• Stored data:
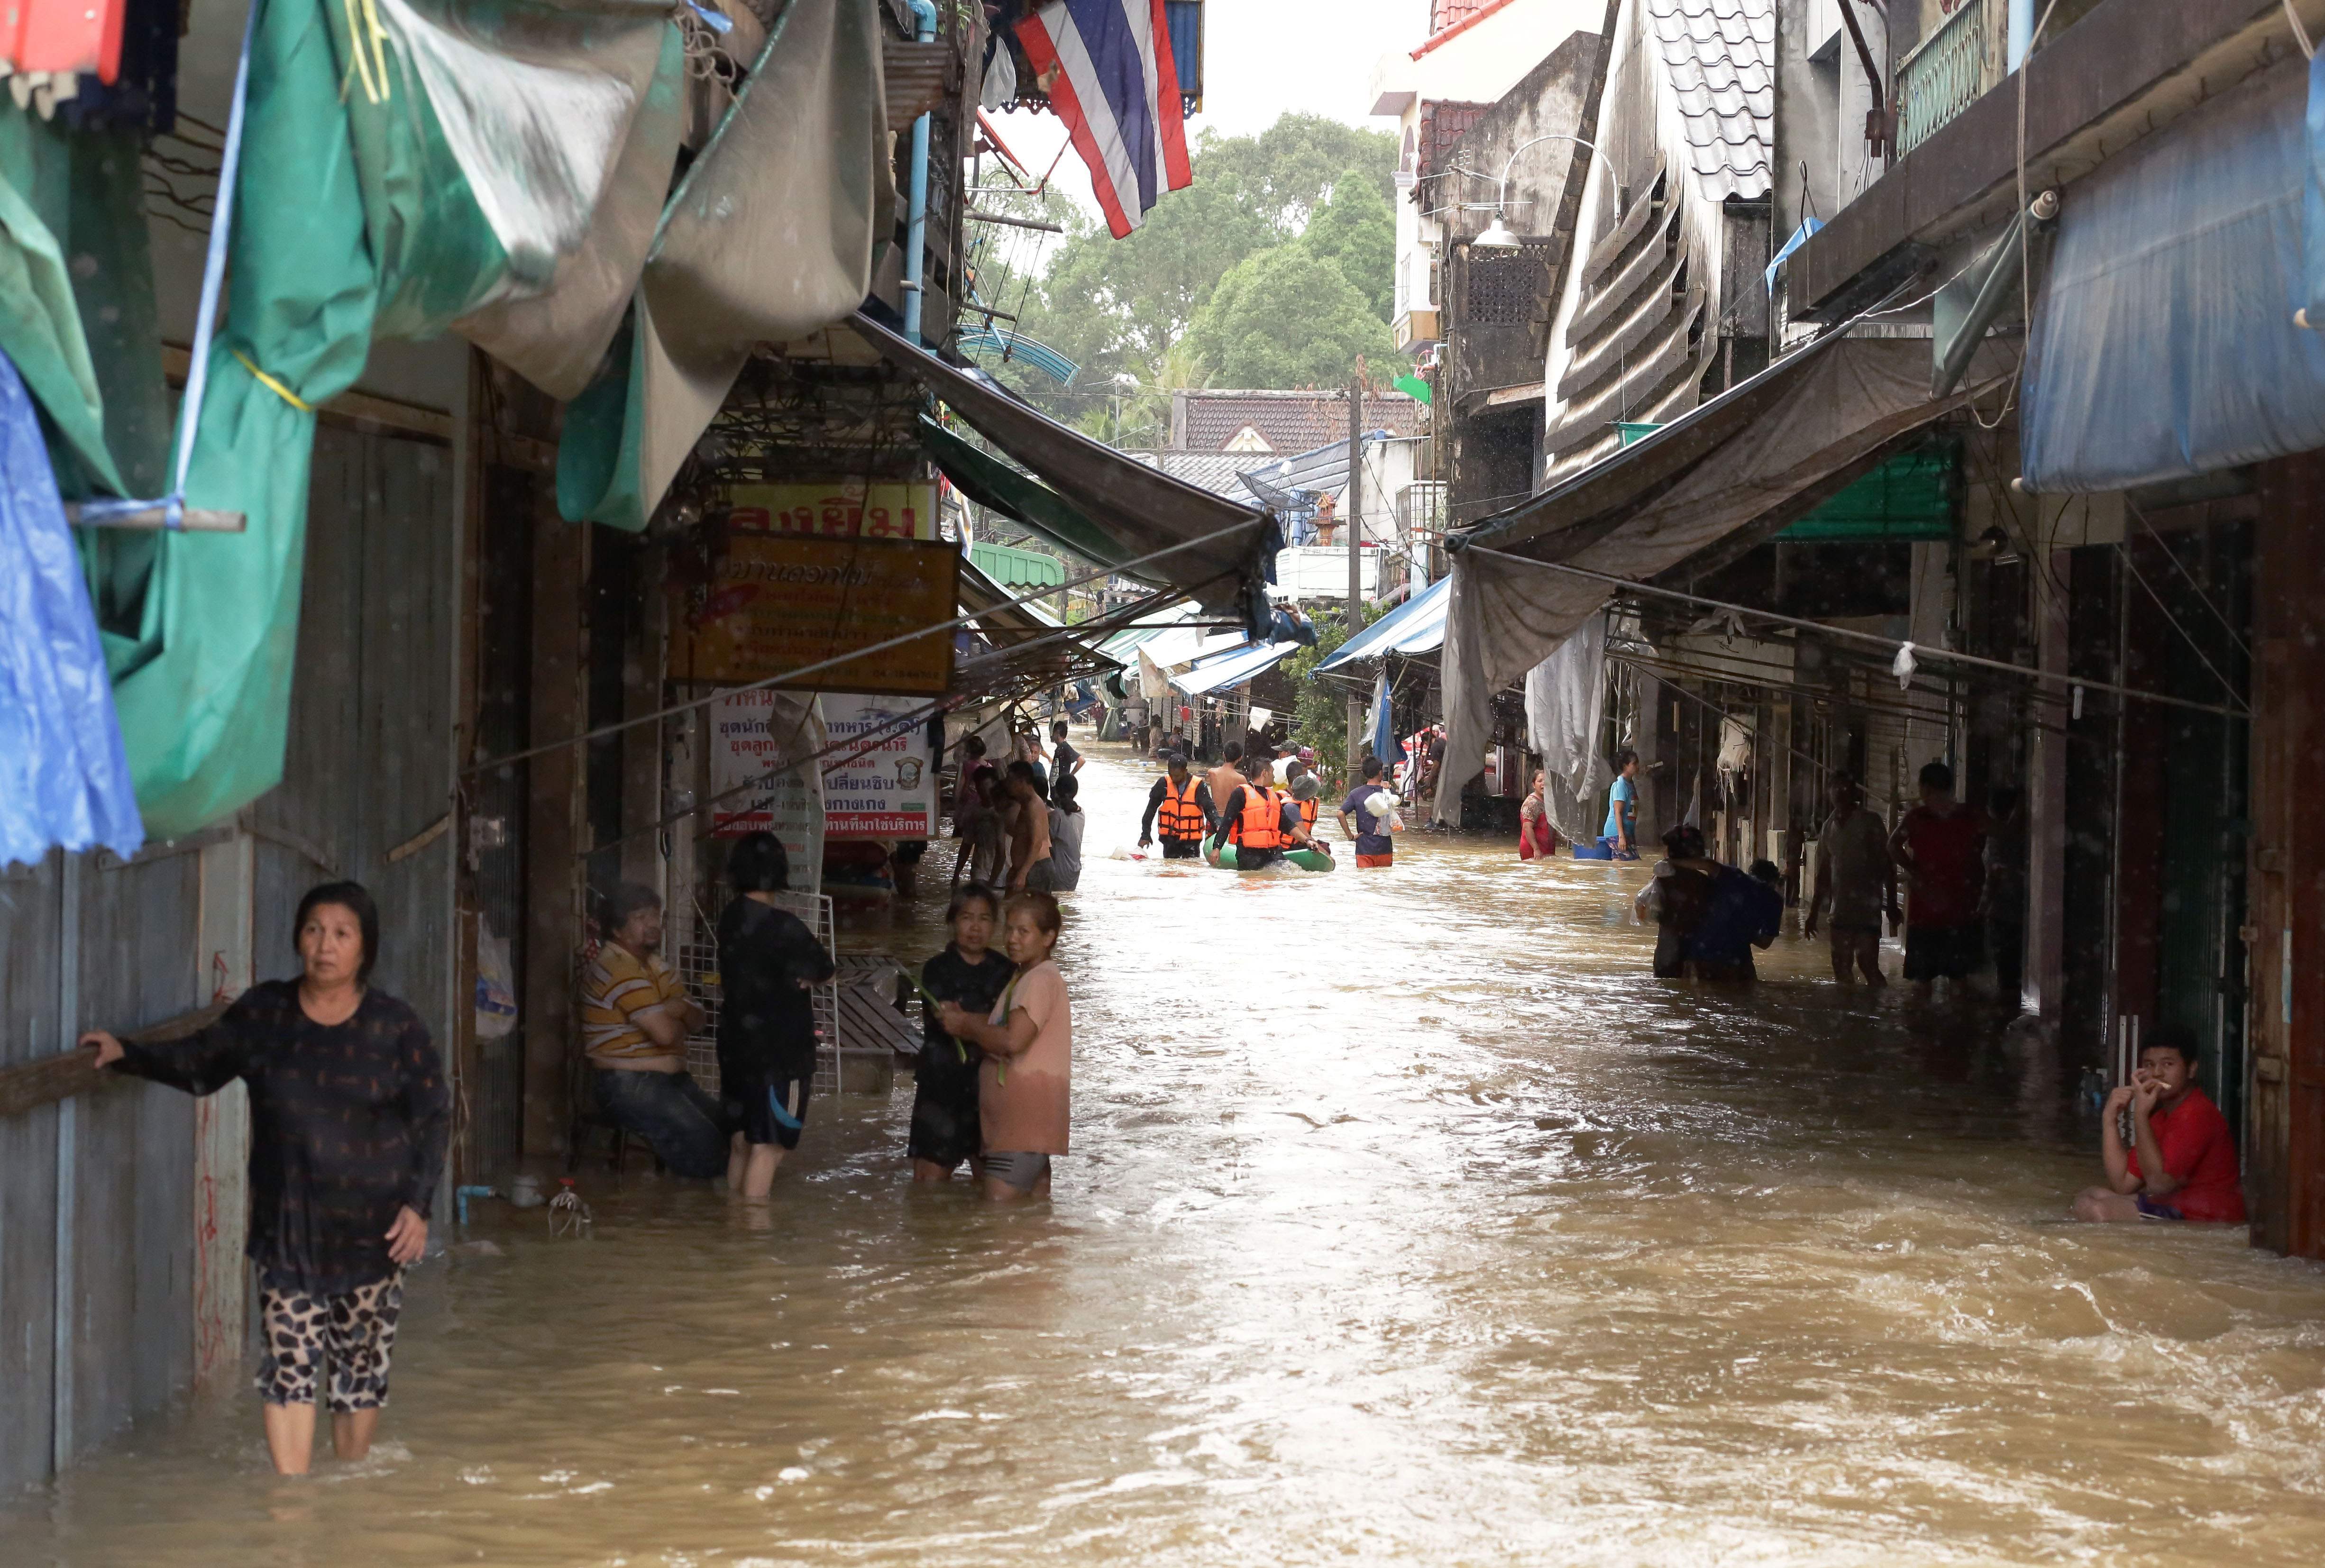 سكان فى إحدى القرى فى تايلاند خارج يقفون خارج منازلهم بسبب فيضانات مياه الأمطار - أ ف ب
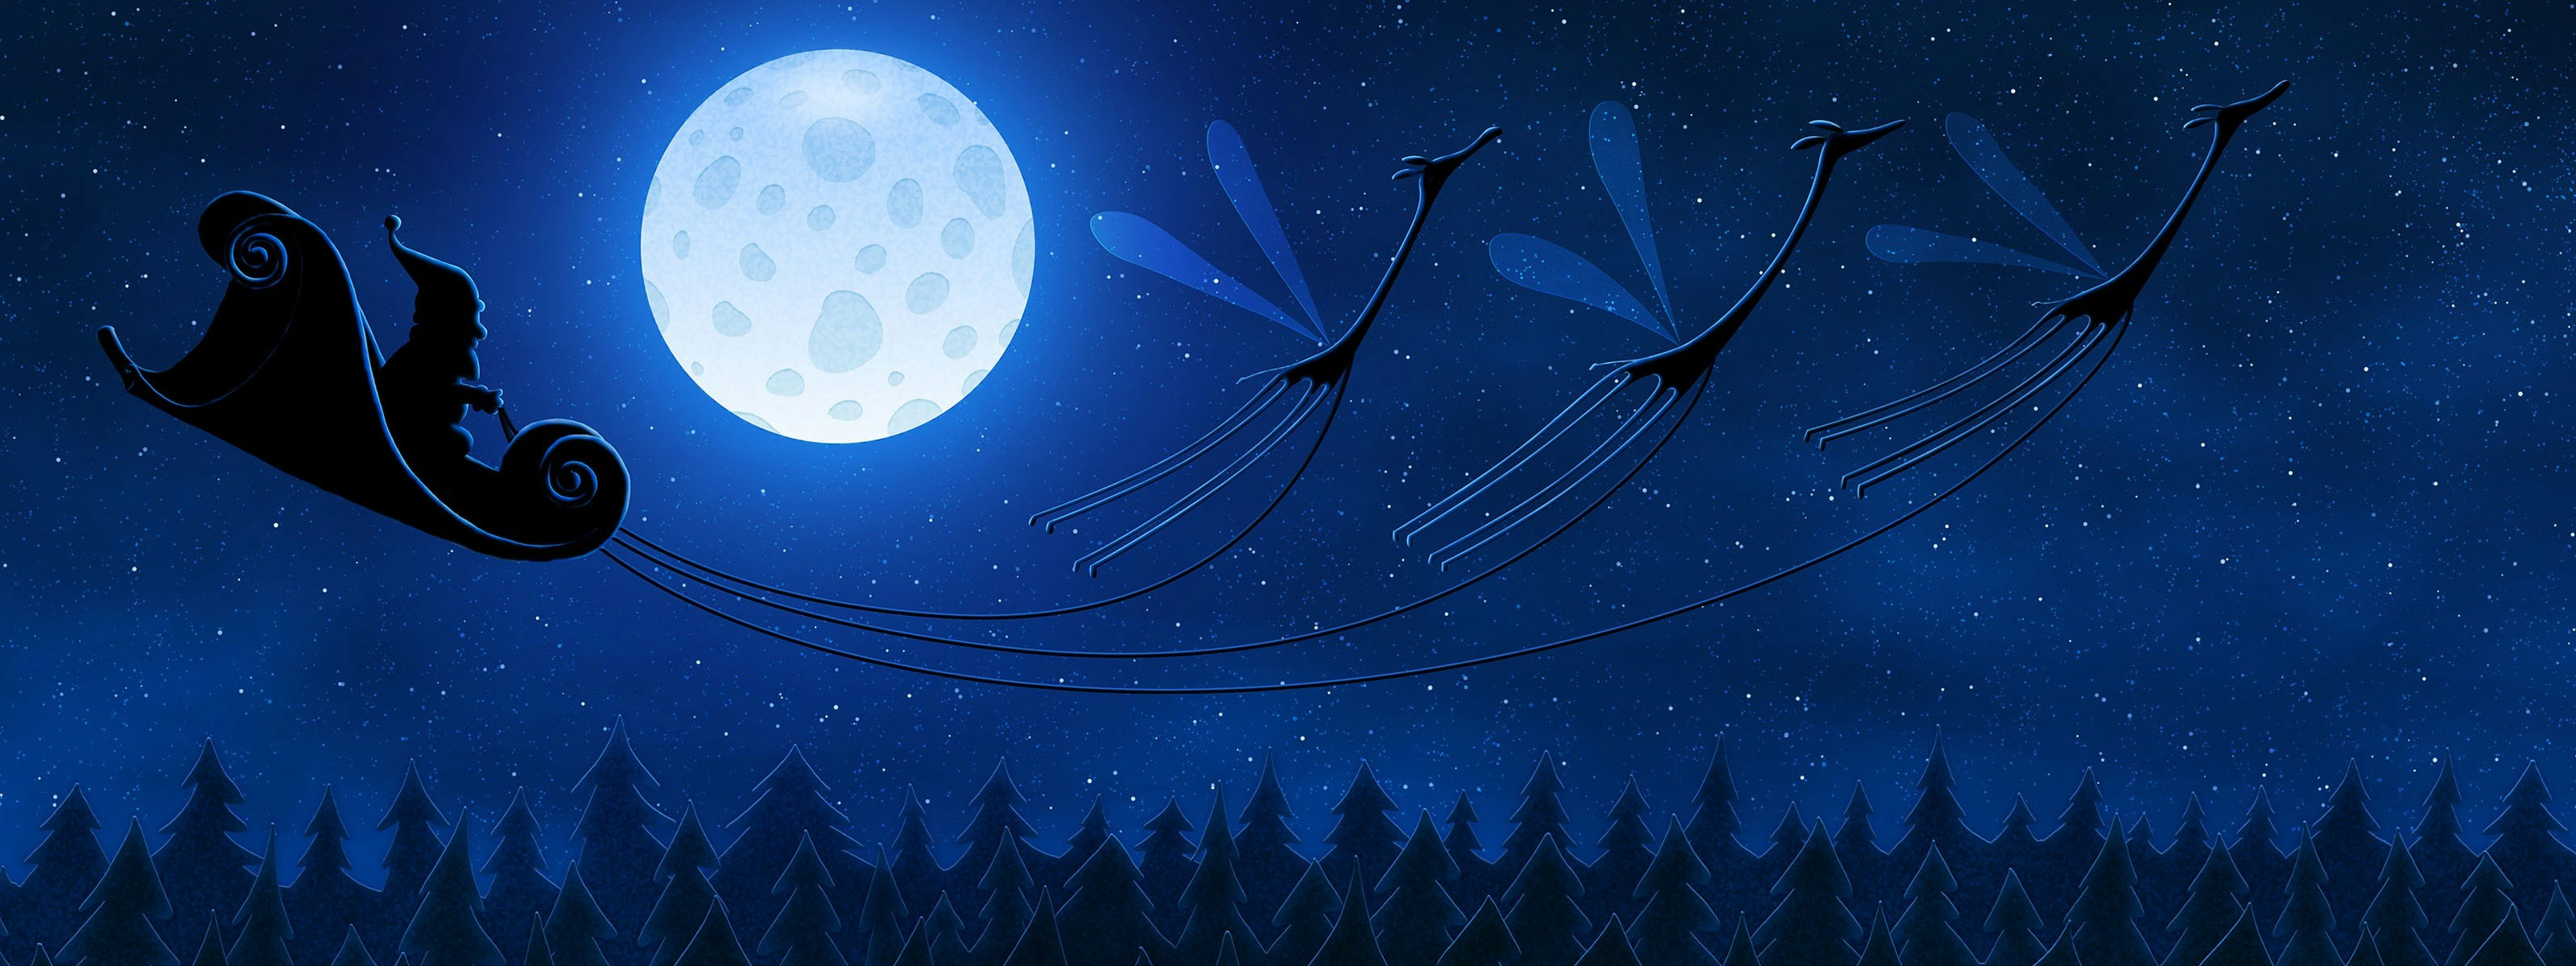 3d обои Санта Клаус несётся над ёлочками в звёздном небе на санях, в которые запряжены крылатые олени  новый год # 65455
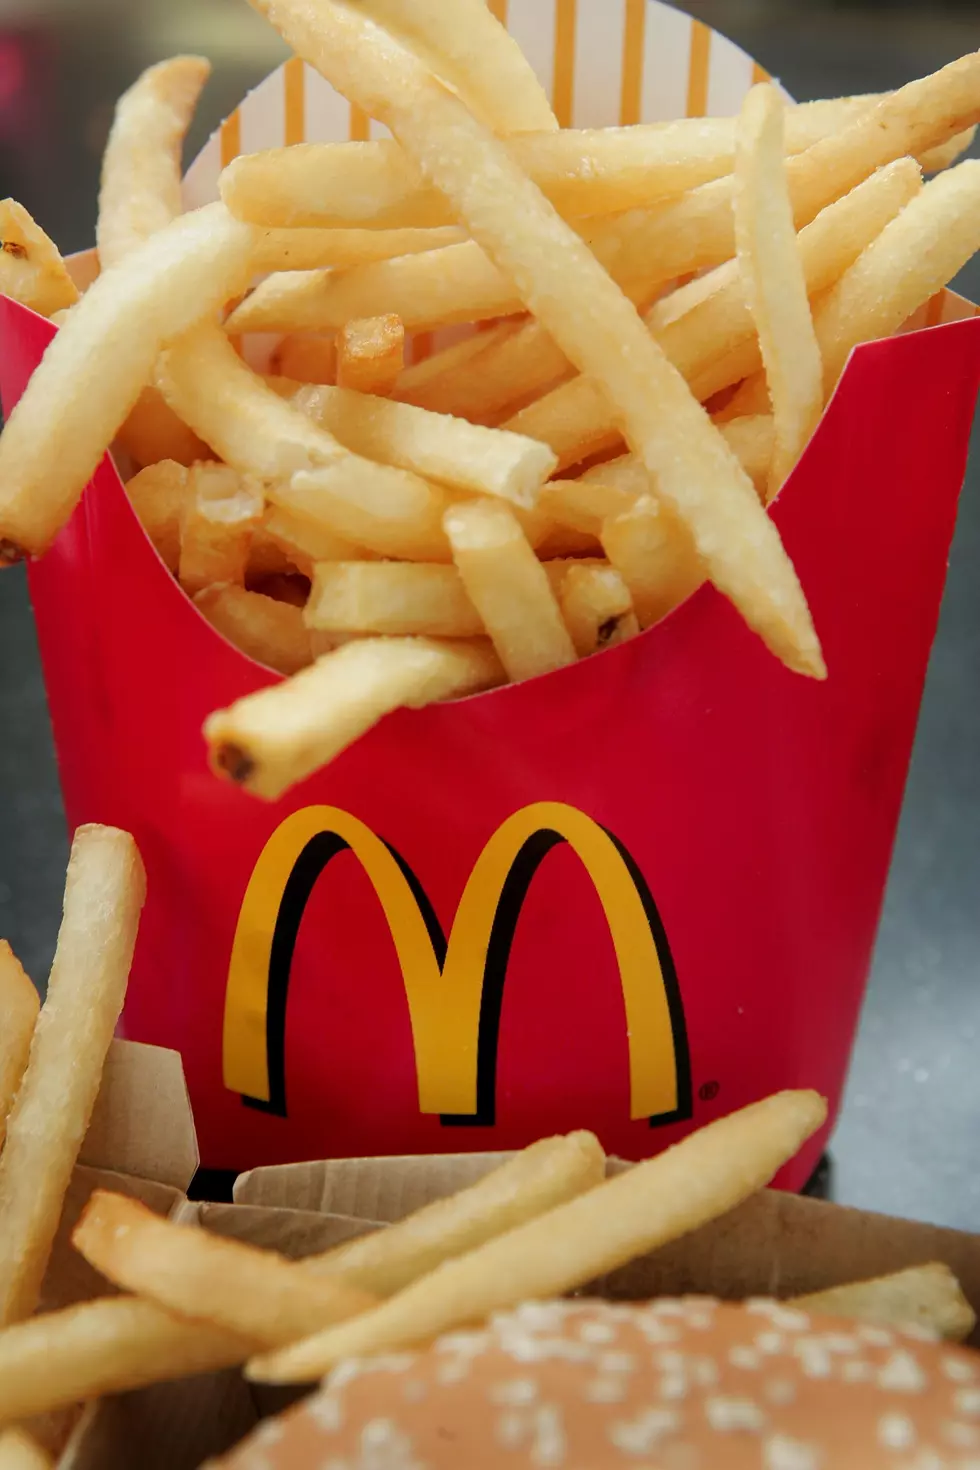 McDonald’s Fries Just Got Better

• Assigned task: What the answer must hold: all the data above, given again exactly, without pictures.

• Task output:
 سكان فى إحدى القرى فى تايلاند خارج يقفون خارج منازلهم بسبب فيضانات مياه الأمطار - أ ف ب
 3d обои Санта Клаус несётся над ёлочками в звёздном небе на санях, в которые запряжены крылатые олени  новый год # 65455
 McDonald’s Fries Just Got Better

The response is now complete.